Could you return the data that follows exactly, minus the images?

▶ **Source material**:
——

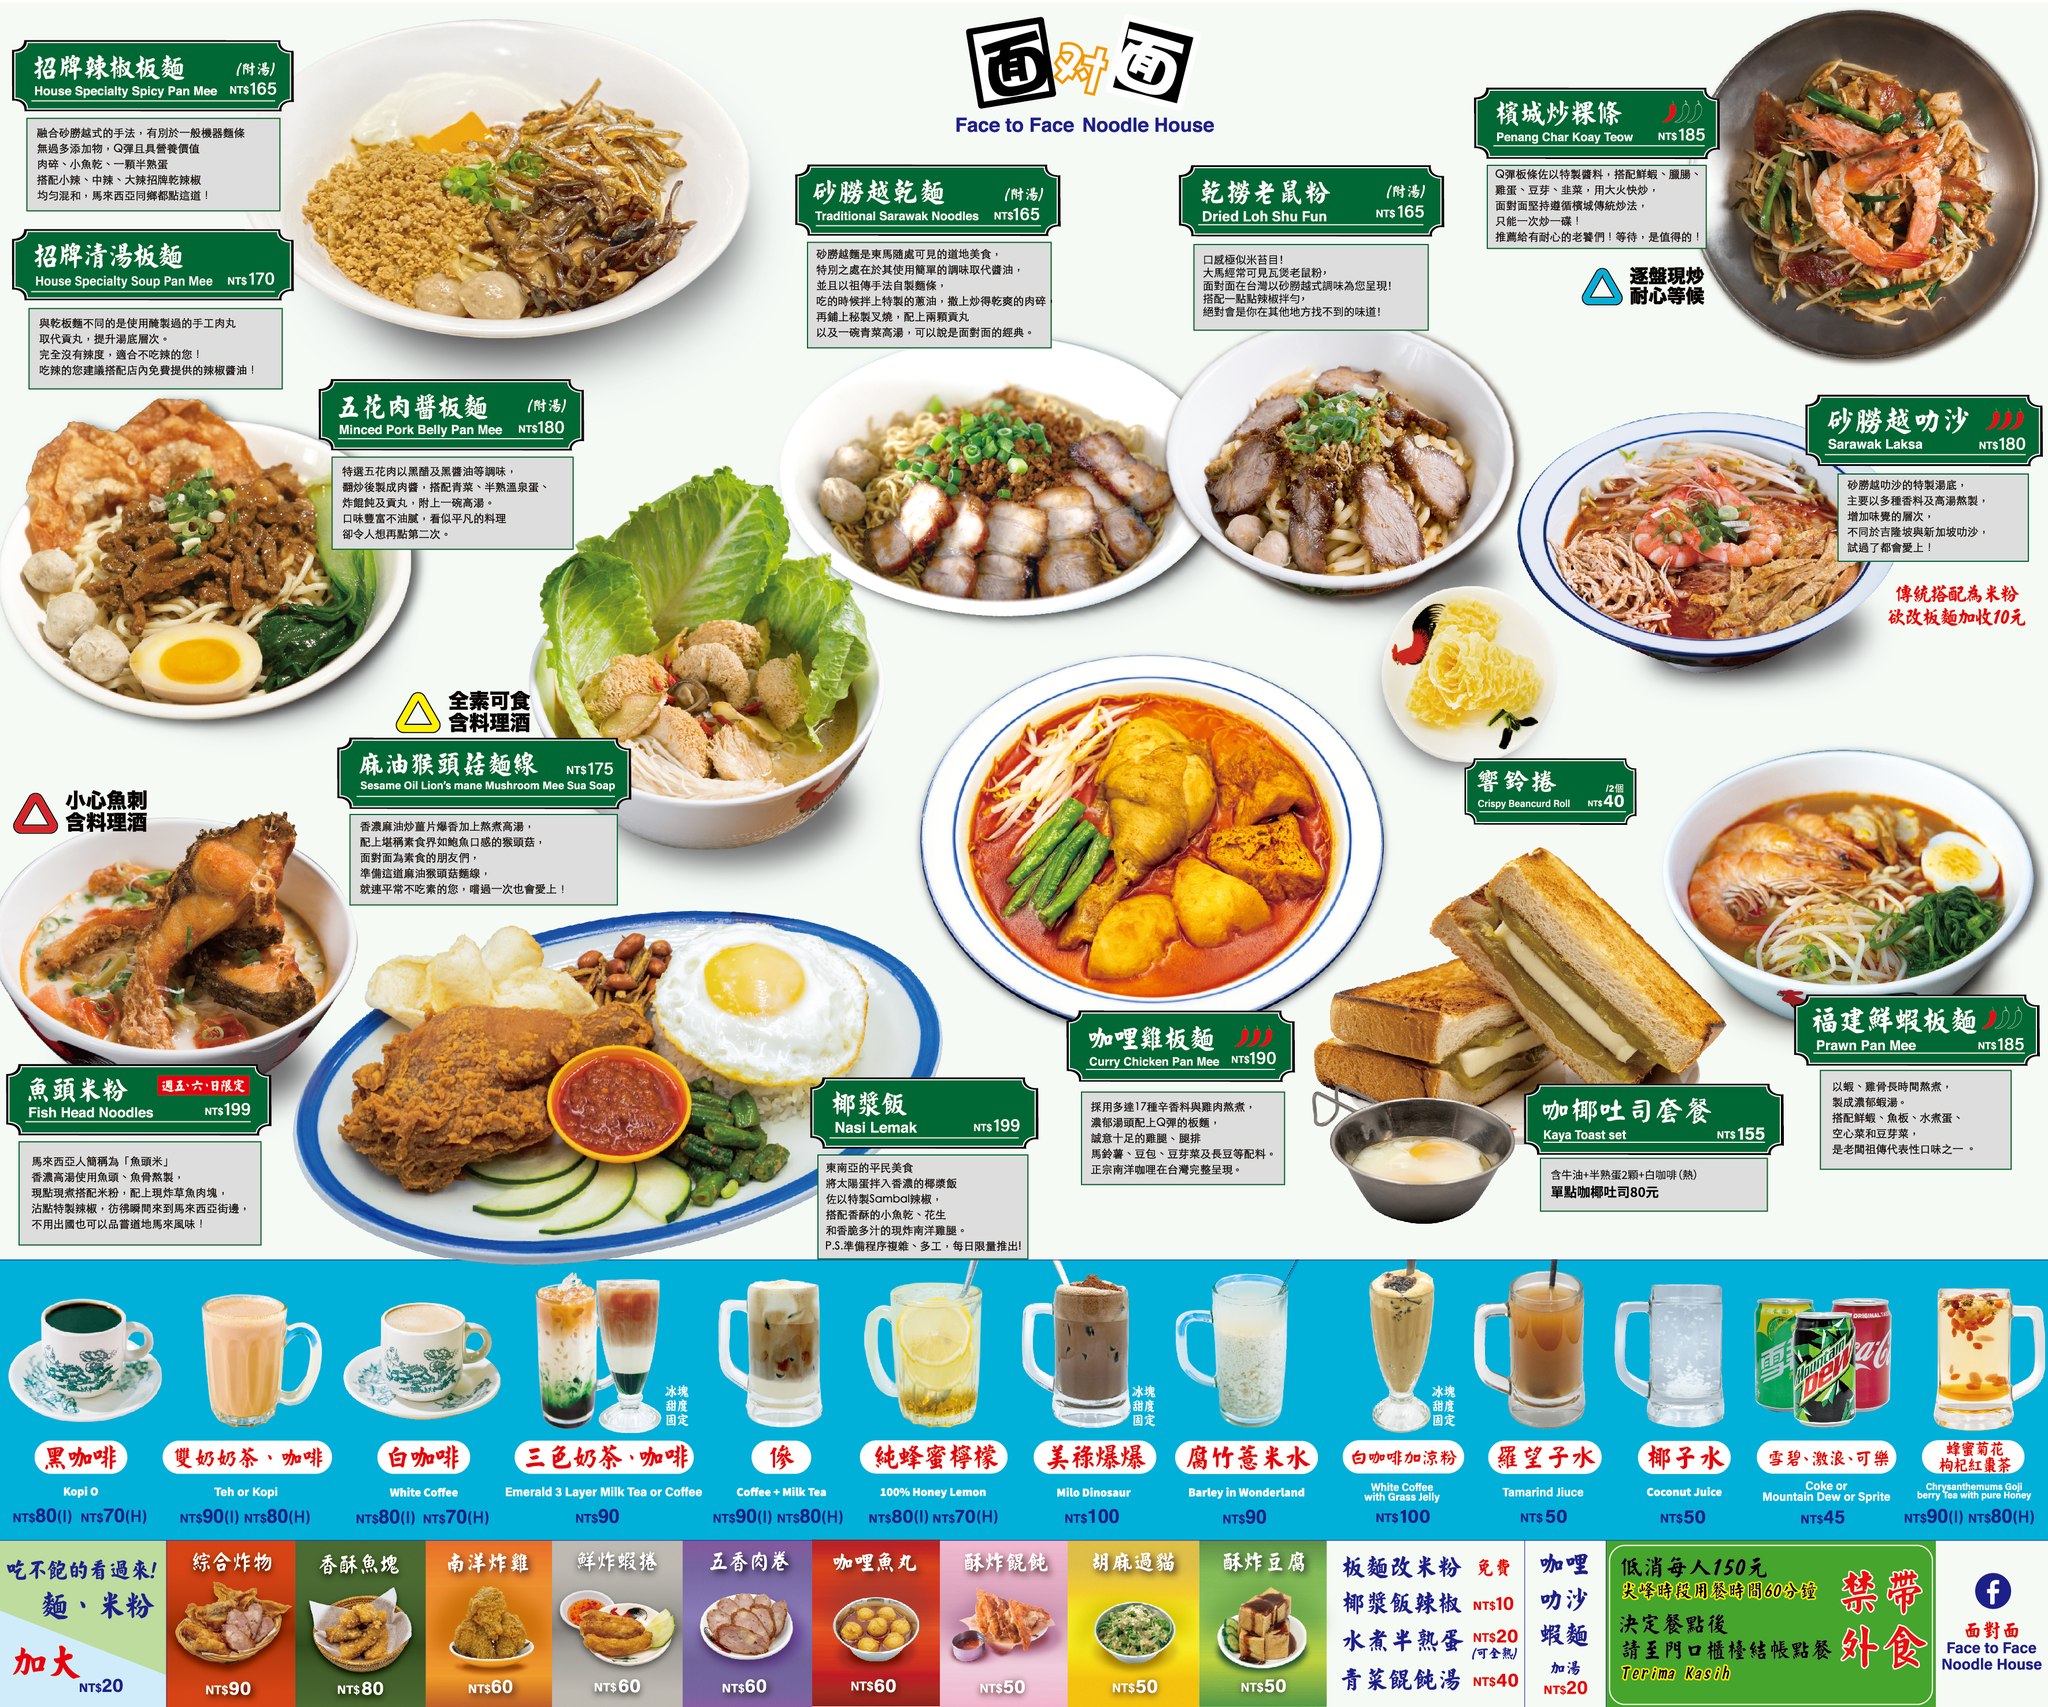 馬來西亞料理台北,面對面菜單,面對面外帶,面對面馬來西亞菜單,面對面椰漿飯 @布雷克的出走旅行視界
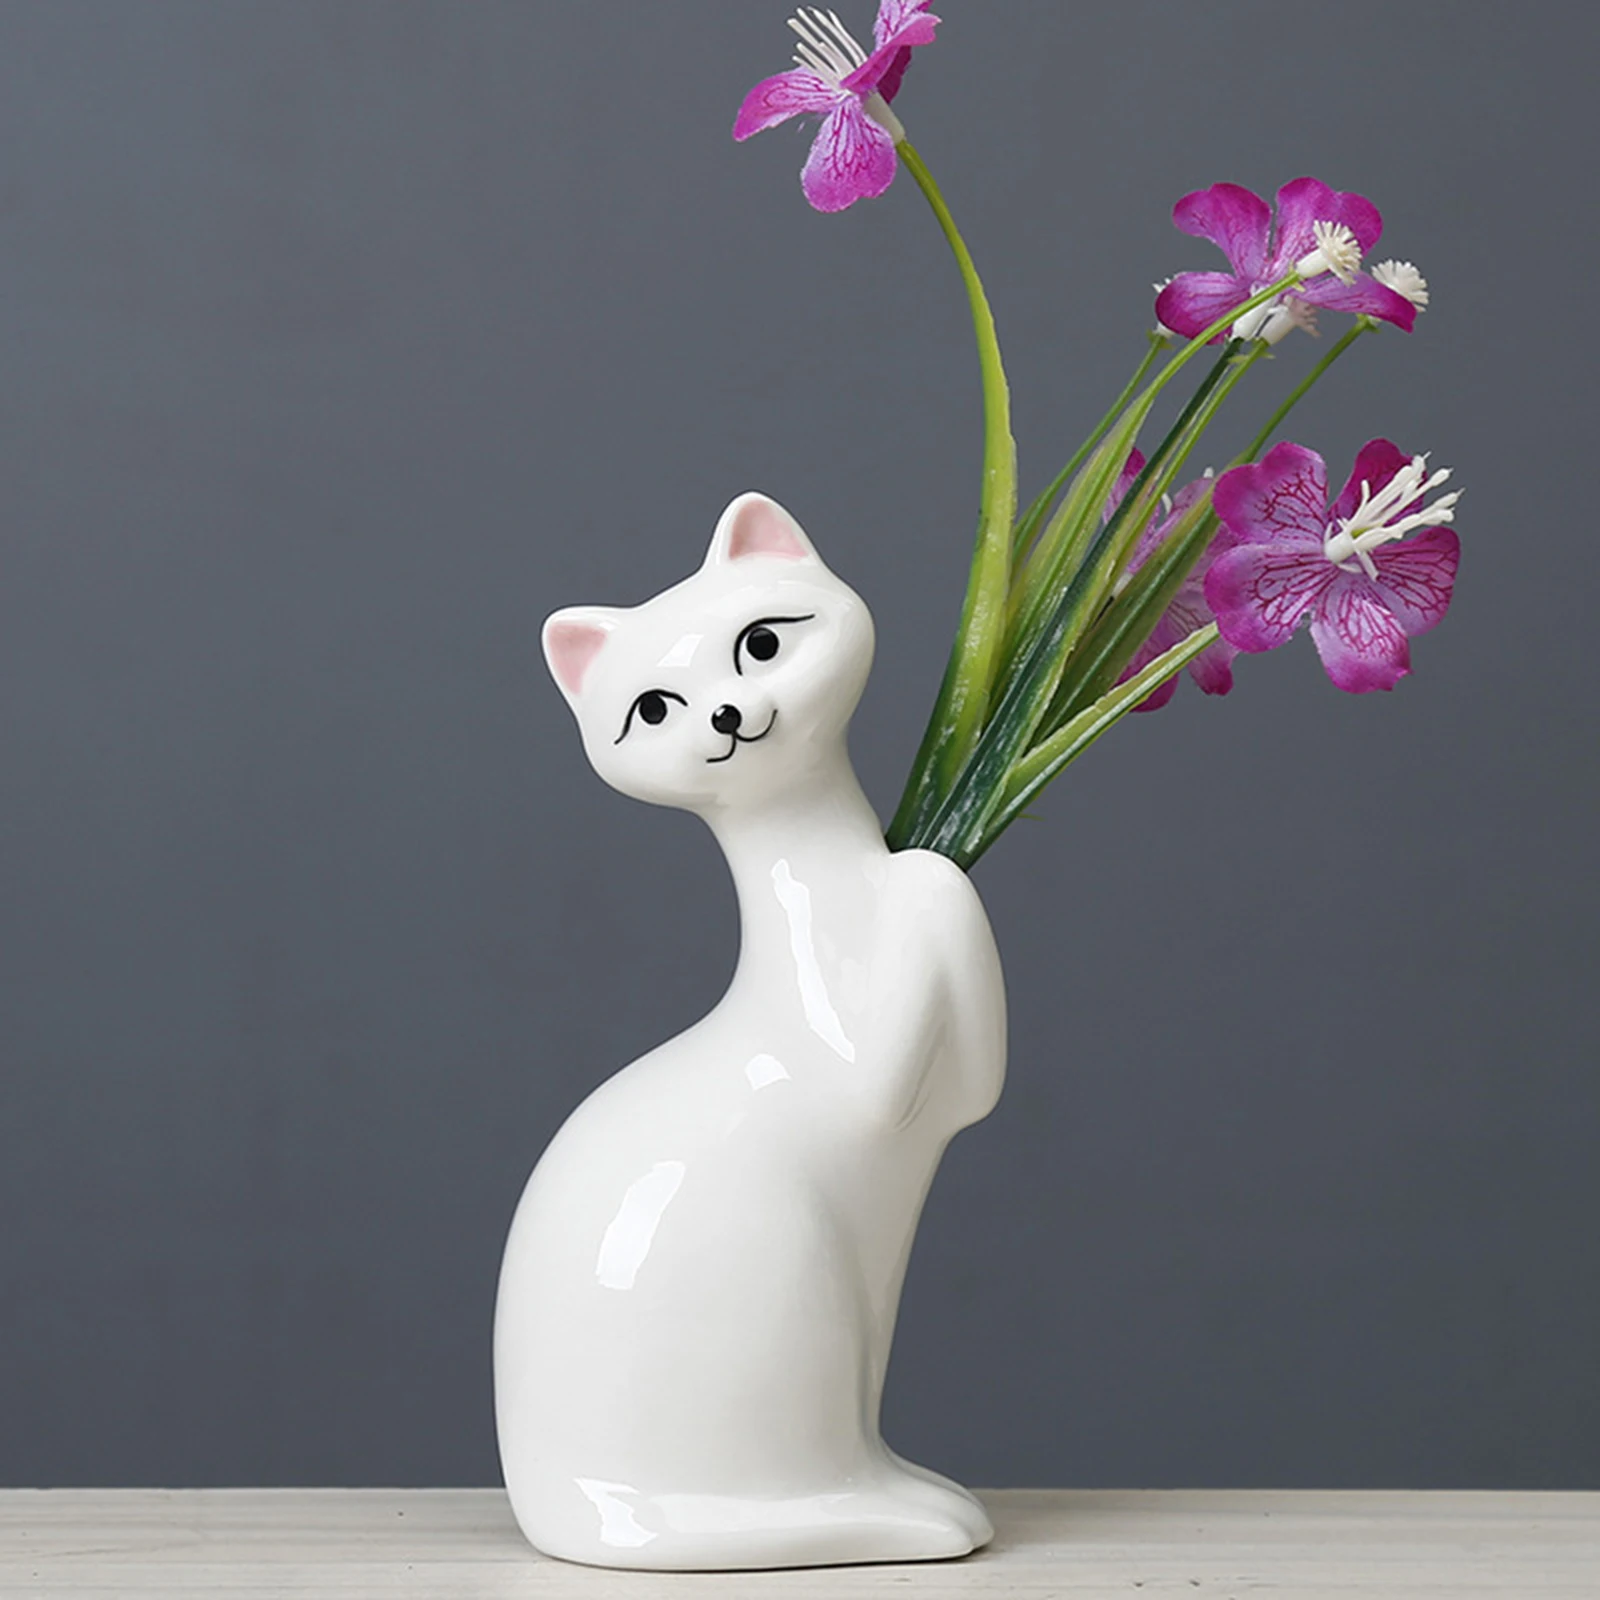 LOVIVER Cute Cat Ceramic Flower Vase Plants Pot Home Table Centerpieces 9.2x15.2cm 
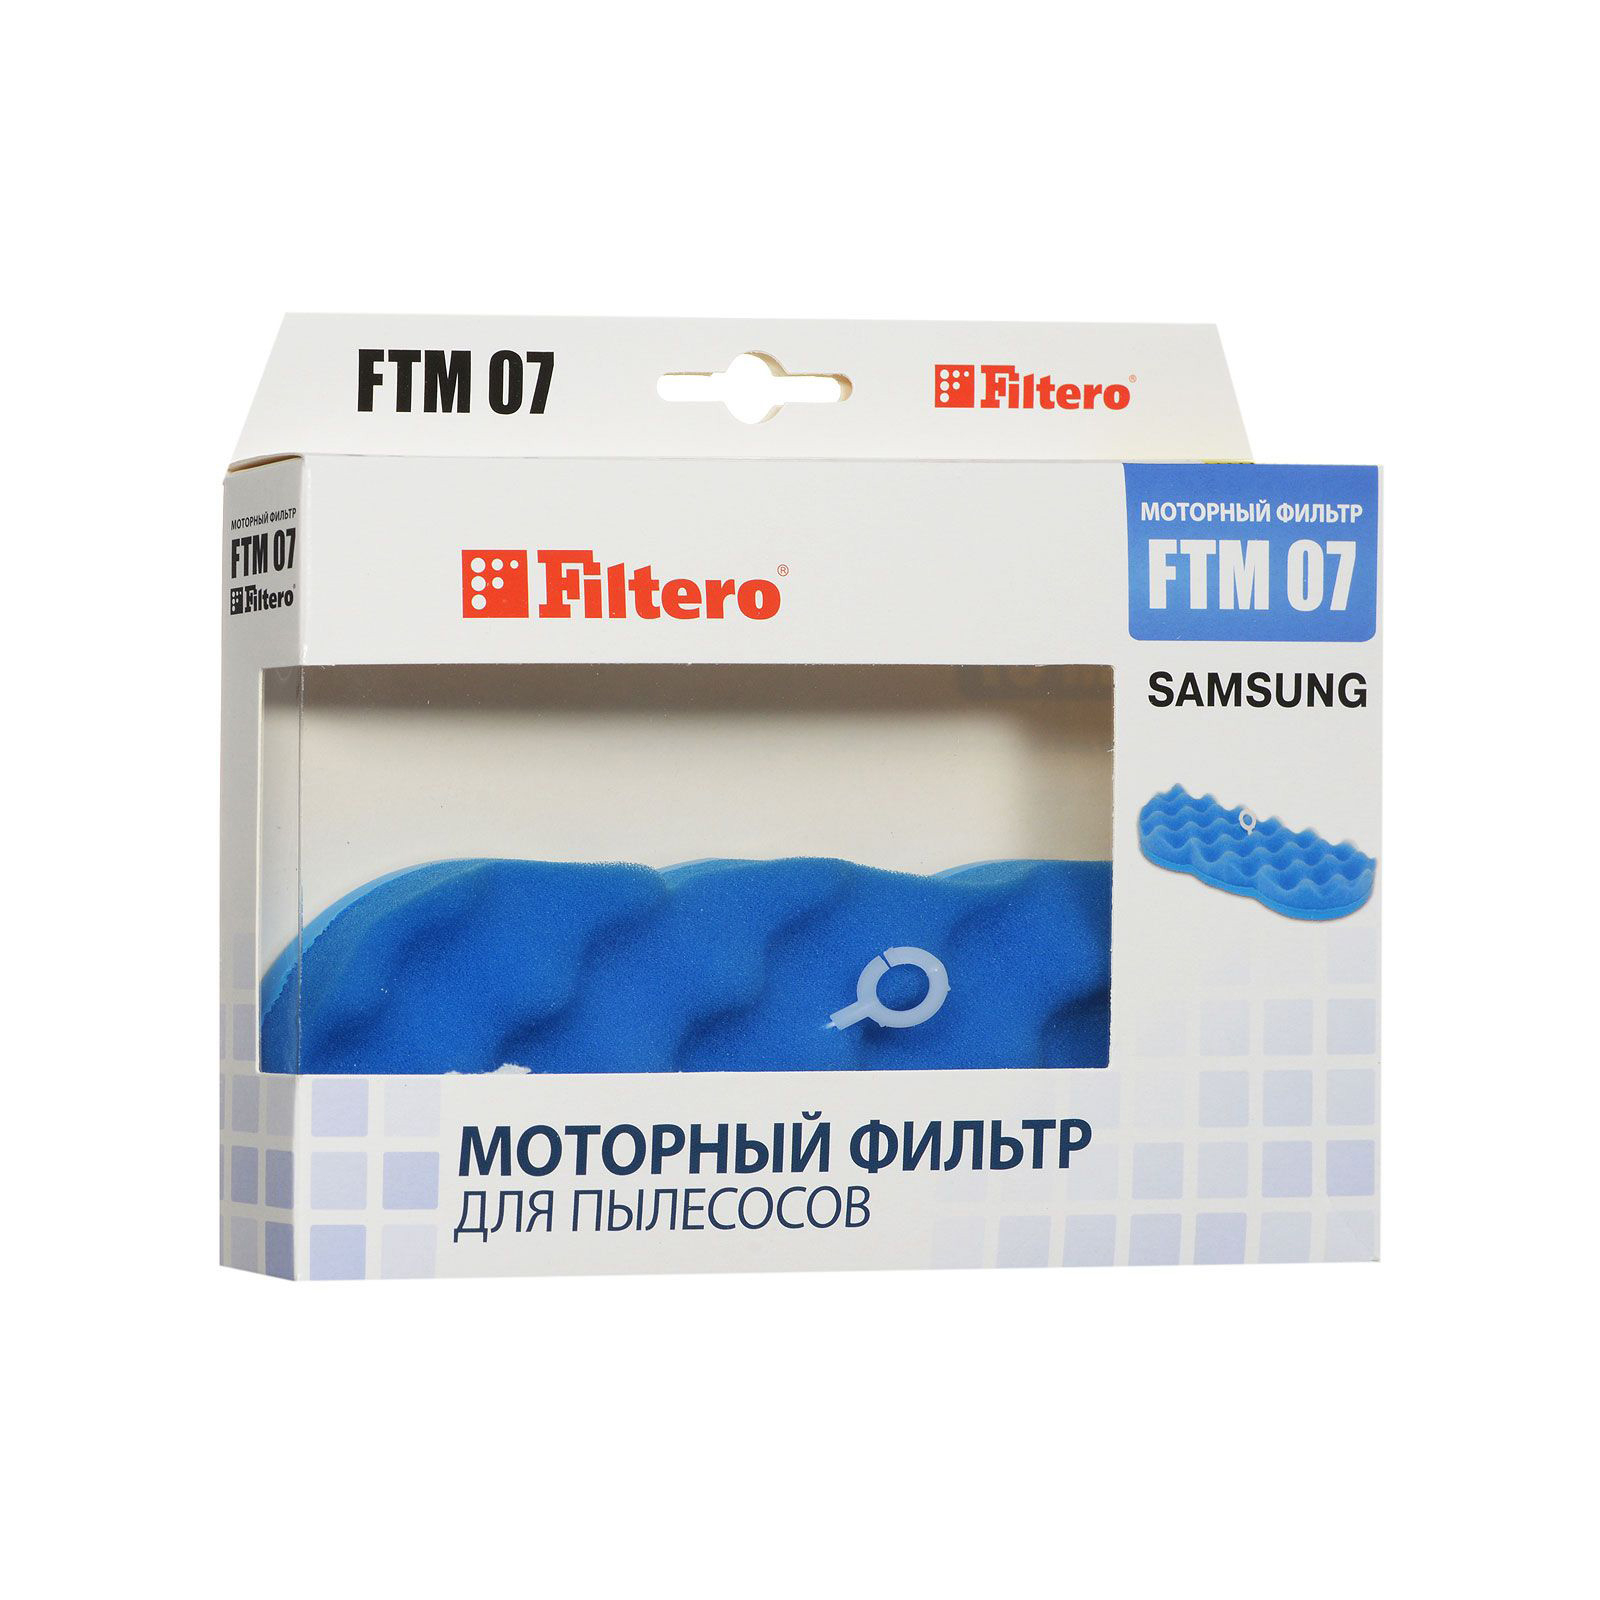 Фильтр для пылесоса Filtero FTM 07

——

▶ **Completed task**:
 馬來西亞料理台北,面對面菜單,面對面外帶,面對面馬來西亞菜單,面對面椰漿飯 @布雷克的出走旅行視界
 LOVIVER Cute Cat Ceramic Flower Vase Plants Pot Home Table Centerpieces 9.2x15.2cm 
 Фильтр для пылесоса Filtero FTM 07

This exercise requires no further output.